Page 13 - Budget Newsletter November 2022
P. 13

Universal Credit (UC) claimants will be able to apply for a loan under the Support for

               Mortgage Interest provisions after three months, rather than the current nine. The zero
               earnings rule will also be abolished, allowing UC claimants in work to continue receiving
               support. These changes will take effect in Spring 2023.






                Planning point
                The increase in state pensions is welcome, particularly after last year’s decision to ignore

                the Triple Lock in favour of a 3.1% increase (in line with CPI inflation to September 2021).
                Nevertheless, the state pension alone remains too low to provide a comfortable

                retirement. In 2021 the Pensions and Lifetime Saving Association (PLSA) calculated that to
                achieve a ‘moderate living standard’ in retirement would require the yearly levels of net
                income set out below:


                                                     Single person                     Couple


                   UK excluding London                   £20,800                       £30,600


                          London                         £24,500                       £36,200




                The PLSA should be updating their figures soon, but as an approximation, you could now

                add about 16% to the above numbers - inflation over the last two years to October 2022.

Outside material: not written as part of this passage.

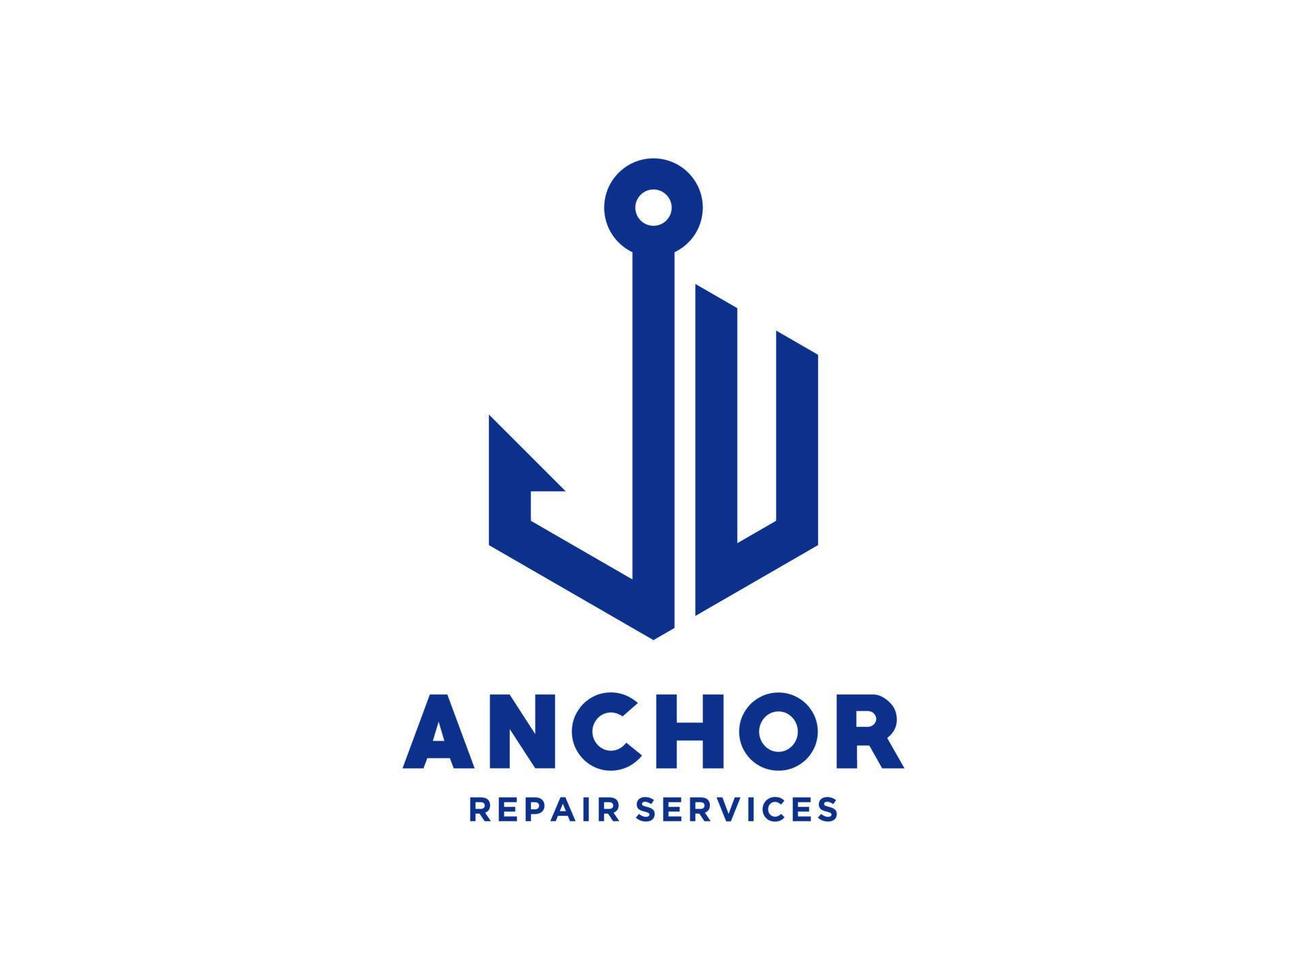 diseño de logotipo u ancla alfabeto artístico para barco barco marina transporte náutico vector libre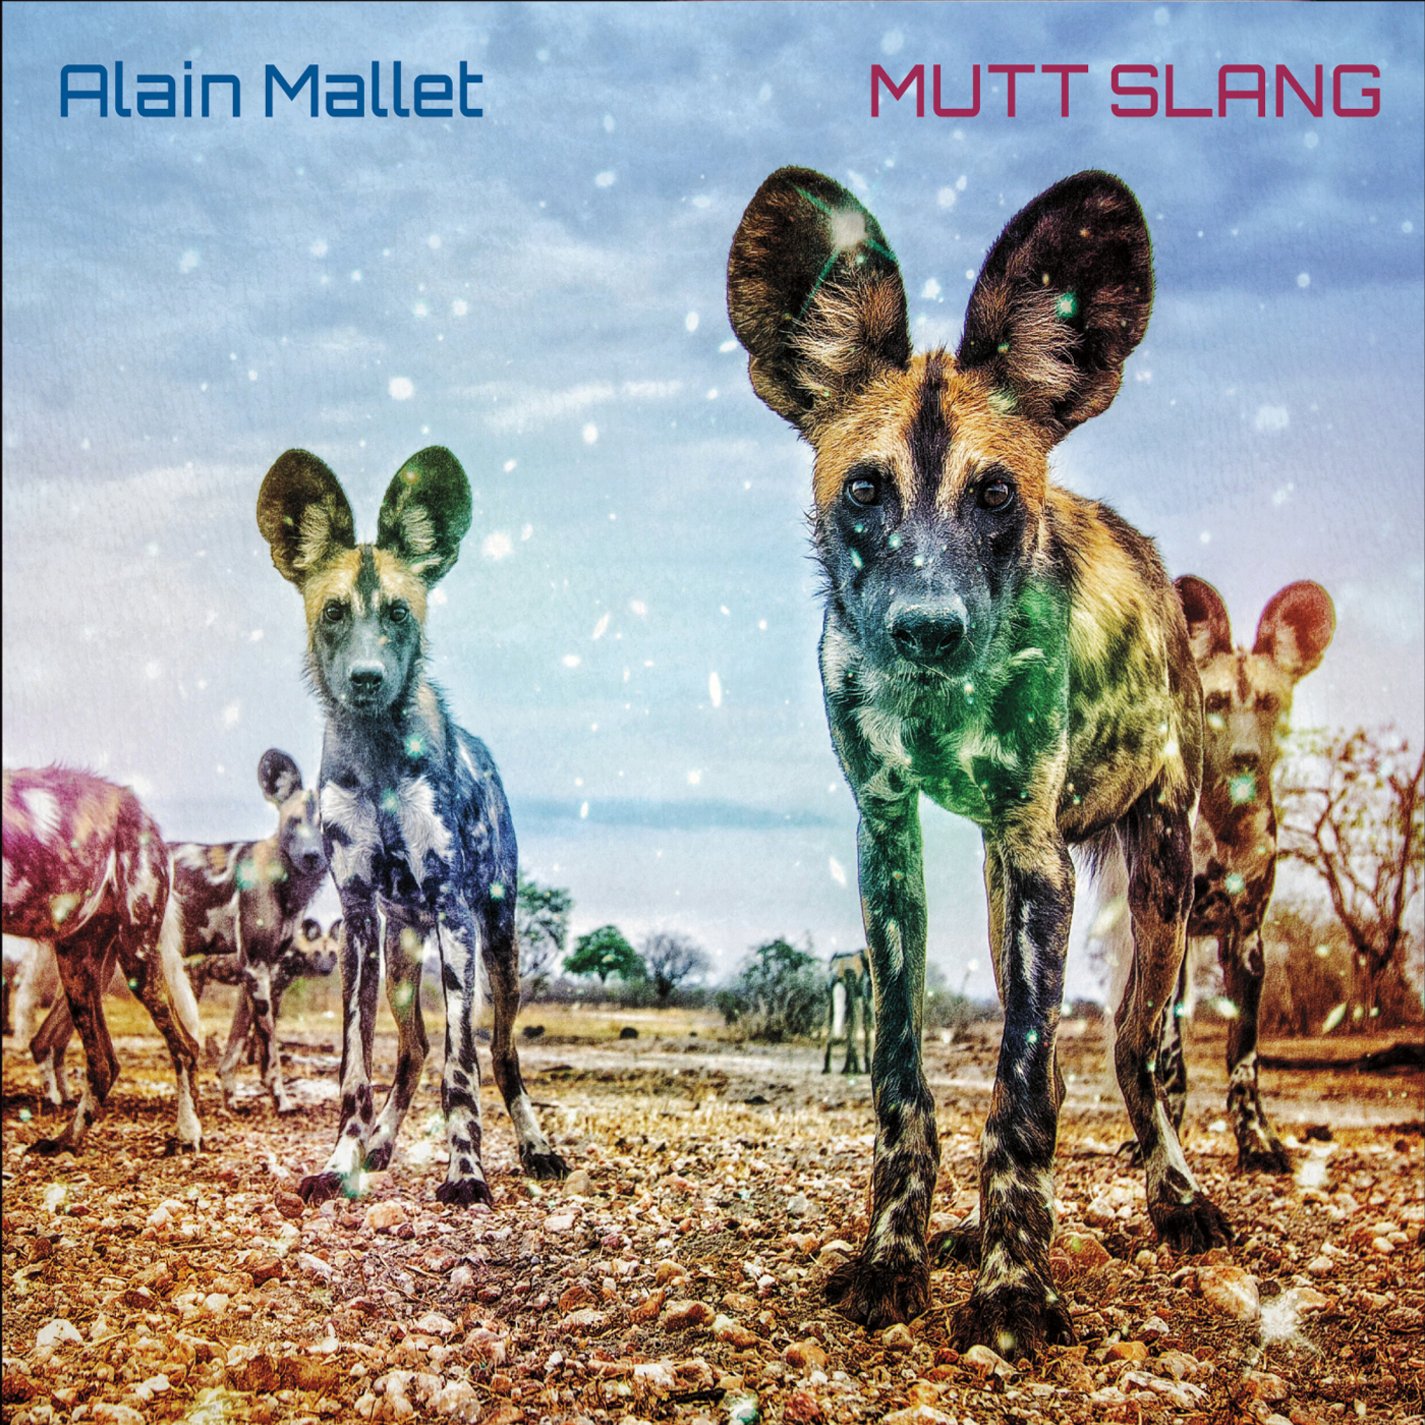 Alain Mallet "Mutt Slang", 2016

               Social Care Funding in England

               In 2022, the Health and Care Act introduced a framework for the funding of social care
               with the following key features:

                   •  The upper capital limit above which an individual is responsible for all their care

                       costs would rise from £23,250 to £100,000.
                   •  The lower capital limit at which all costs are met by the state would also rise, from
                       £14,250 to £20,000.
                   •  For those with capital between the two limits, ‘tariff income’ would apply as
                       currently, i.e. a contribution of £1 per week for each £250 of capital.